Hierarchical Active Transfer Learning

In my last post, we explored a machine learning method known as transfer learning used to counter problems in which two models have similar purposes but data is more readily available for one than the other. By exploiting similarities in data, transfer learning allows us to leverage one model to increase accuracy in the other, and vice versa. Most commonly this is done by substituting a series of layers in one model with the others, but in this post we will discuss a model-independent framework known as Hierarchical Active Transfer Learning (HATL) [1].

Notation: Here we will establish the task for which we want to leverage labeled data from as the source domain, while the task for which we want to use said leveraged labeled data is referred to as the target domain.

HATL utilizes both transfer learning and active learning, and before we explore deeper we should establish the pitfalls and advantages of both. We first note that labeled data is scarce and unlabeled data is plentiful. As a brief summary to any unfamiliar, active learning is a machine learning method that allows one to “smartly query” unlabeled data points in such a way that the unlabeled data that is queried is as helpful as possible for our model to learn from. In many applications, it is often costly to label data, whether that cost is time or money. e.g. using RNA-seq for transcriptomics analysis – active learning reduces the amount of labeled data needed. It however also suffers from a circular dependency on data – in order to pose good queries, we need to have a good model, and in order to have a good model we need to have labeled data. Transfer learning, on the other hand allows for source domain knowledge to provide an initial bias for the target domain, which can later be adapted. e.g. gene expression prediction in one omic using weights of a model that does gene expression in another, similar omic. Transfer learning suffers from negative transfer – due to the source and target domains being too different, knowledge transferred from the source actually detriments the target. It is apparent that active learning and transfer learning have complementary strengths – active learning can be applied to tell us which data to label such that when transfer learning is applied prediction results are optimal. Pitfalls are also somewhat addressed by integrating the two, but rely heavily on how similar data from the source and target domain are. With this in mind, we are now ready to explore the HATL algorithm.

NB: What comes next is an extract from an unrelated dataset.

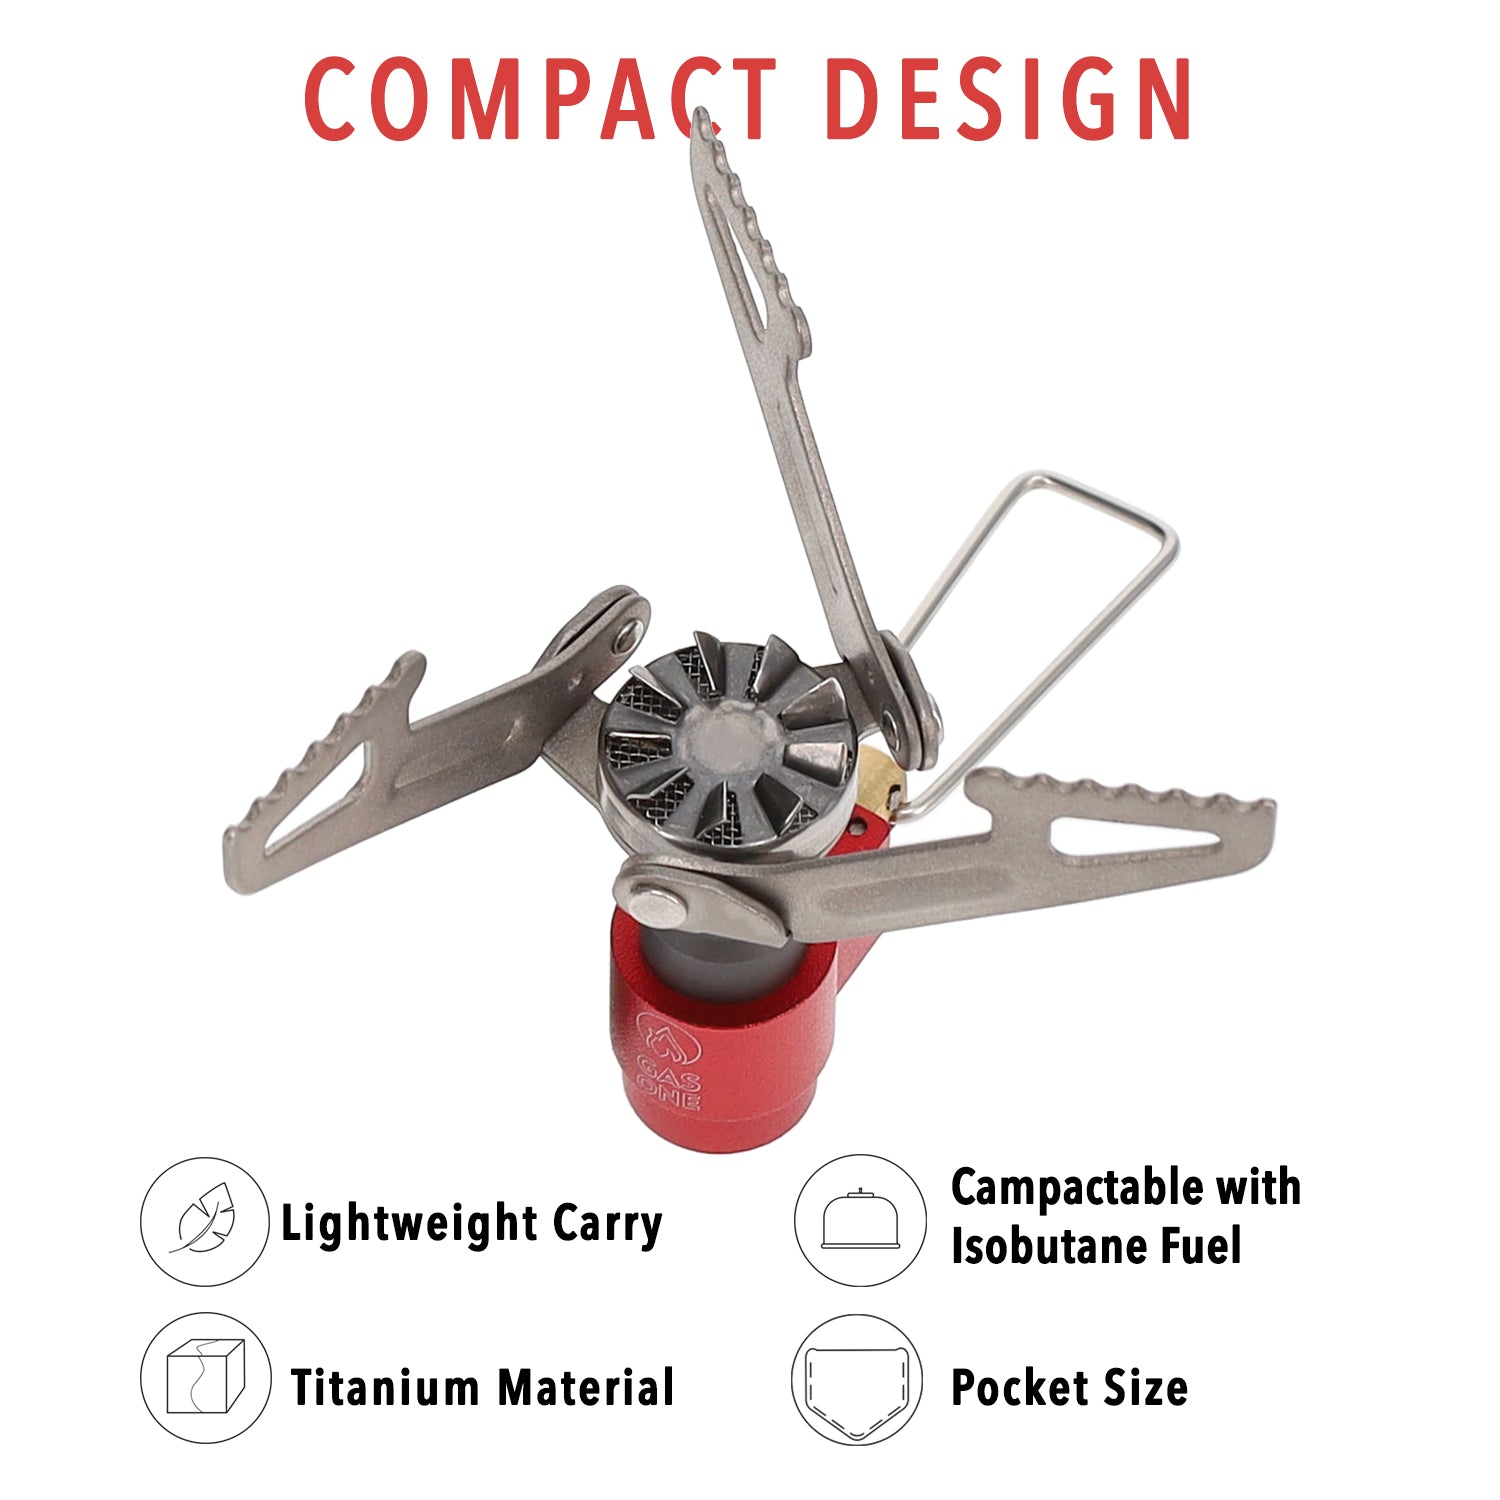 Gas One Camp Stove Backpacking Stove, Titanium Alloy Ultra-Light, 0.05lb Lightest Portable Stove, Pocket Rocket Stove for Backpacking, Hiking, Survival

Introduced by Kale et. al. in 2015, HATL ties active learning and transfer learning by clustering.  Using hierarchical clustering, the source and target data are initially clustered into a tree and fed as input to the algorithm. A list of pruned nodes of the tree is initialized to the root and will be used to keep track of the optimal clustering of the data (each node in the tree refers to a cluster via our hierarchical clustering). The algorithm first labels only the source data as a starting point for active learning to make good queries. An unlabeled datapoint is queried, and an optimal pruning is found by deciding if the queried node should be split – if it is, we add it to the list of pruned nodes, and if not then we recurse down the tree until we find one to add to the list. Another point is queried, and this process is repeated until the we exhaust the number of queries in our budget, each time updating the pruning list. It goes without saying that accuracy improves with an increase in the number of queries, but this framework allows us to account for the cost of those extra queries as well as design the queries we do make to optimize prediction results.

In this way we shift the transfer learning problem from a model-specific one to a model-independent one, as the HATL algorithm itself exploits similarities in data, rather than similarity in model “knowledge”, which is what traditional transfer learning approaches aim to do. This could be beneficial in reference to the problem of omic prediction posed in the last post, in which we are trying to predict gene expression in our Salmonella omic by pretraining our model with the E. coli omic. As the current model for gene expression prediction in both omics consists of only an input and output layer, it would be difficult to apply the traditional “layer swap” transfer learning. HATL also saves us from the complexities of engineered approaches.

References:

[1] David C. Kale, Marjan Ghazvininejad, Anil Ramakrishna, Jingrui He, and Yan Liu. Hierarchical active transfer learning. In Proceedings of the SIAM International Conference on Data Mining, pages 514–522, 2015.